21 may 2022 14:29:24

Pharmaceuticals, Vol. 15, Pages 634: Safety of Short-Term Treatments with Oral Chloroquine and Hydroxychloroquine in Patients with and without COVID-19: A Systematic Review (Pharmaceuticals)

Chloroquine (CQ) and hydroxychloroquine (HCQ) have recently become the focus of global attention as possible treatments for Coronavirus Disease 2019 (COVID-19). The current systematic review aims to assess their safety in short treatments (≤14 days), whether used alone or in combination with other drugs. Following the PRISMA and SWiM recommendations, a search was conducted using four health databases for all relevant English-, Chinese-, and Spanish-language studies from inception through 30 July 2021. Patients treated for any condition and with any comparator were included.
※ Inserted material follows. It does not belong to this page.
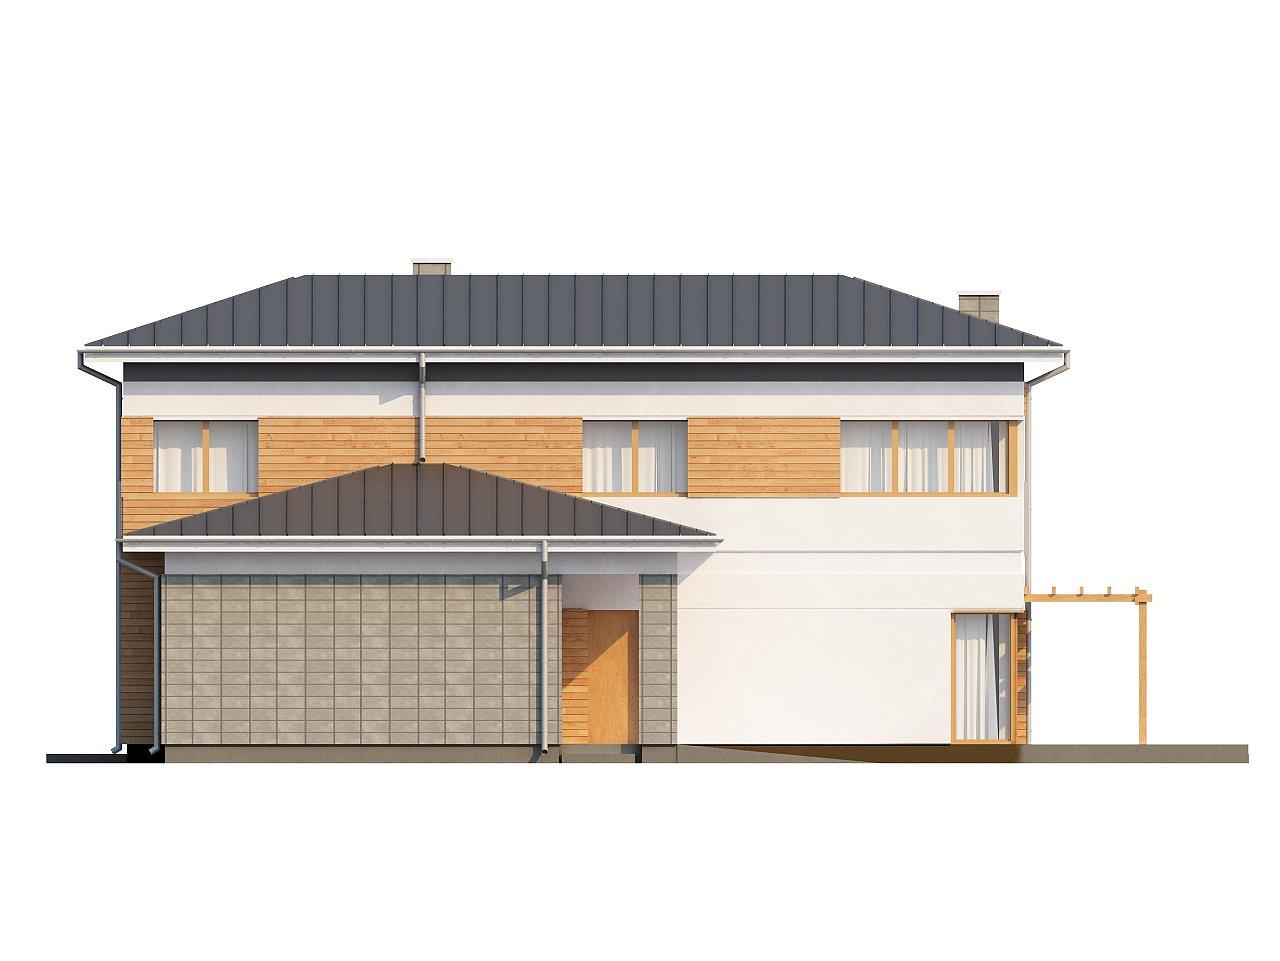 Проект удобного двухэтажного дома в стиле модерн с боковым гаражом. - фото 4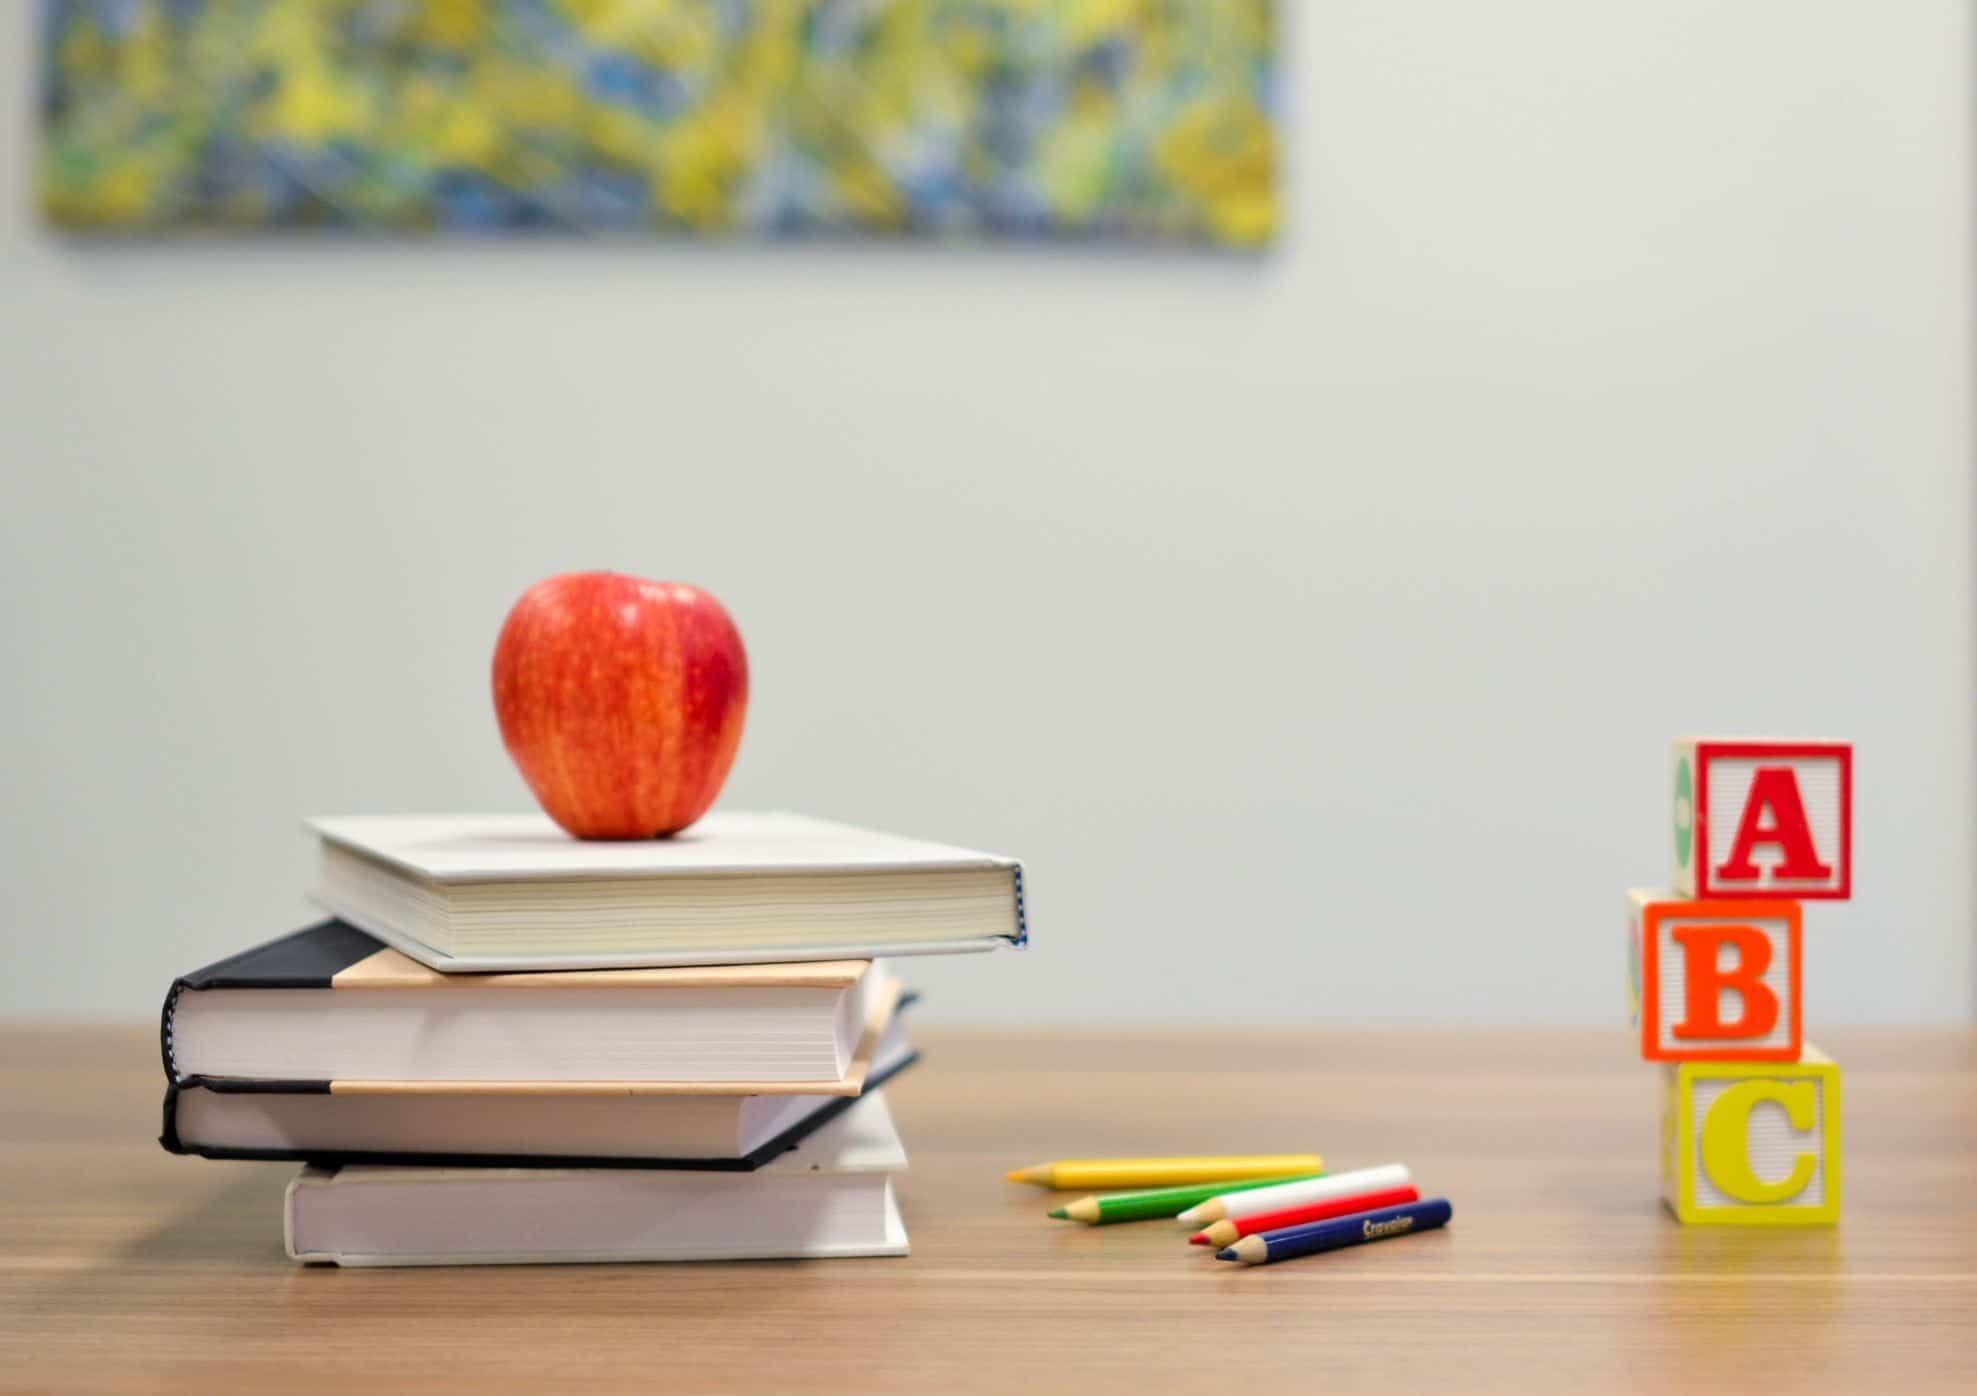 Mesa com livros e maçã em cima deles, lápis de cor e cubos coloridos com ABC

The outcomes of interest were early drug adverse effects and their frequency. A total of 254 articles met the inclusion criteria, including case and case-control reports as well as cross-sectional, cohort, and randomised studies. The results were summarised either qualitatively in table or narrative form or, when possible (99 studies), quantitatively in terms of adverse event frequencies. Quality evaluation was conducted using the CARE, STROBE, and JADAD tools. This systematic review showed that safety depended on drug indication. In COVID-19 patients, cardiac adverse effects, such as corrected QT interval prolongation, were relatively frequent (0–27.3% and up to 33% if combined with azithromycin), though the risk of torsade de pointes was low. Compared to non-COVID-19 patients, COVID-19 patients experienced a higher frequency of cardiac adverse effects regardless of the regimen used. Dermatological adverse effects affected 0–10% of patients with autoimmune diseases and COVID-19. A broad spectrum of neuropsychiatric adverse effects affected patients treated with CQ for malaria with variable frequencies and some cases were reported in COVID-19 patients. Gastrointestinal adverse effects occurred regardless of drug indication affecting 0–50% of patients. In conclusion, CQ and HCQ are two safe drugs widely used in the treatment of malaria and autoimmune diseases. However, recent findings on their cardiac and neuropsychiatric adverse effects should be considered if these drugs were to be proposed as antivirals again.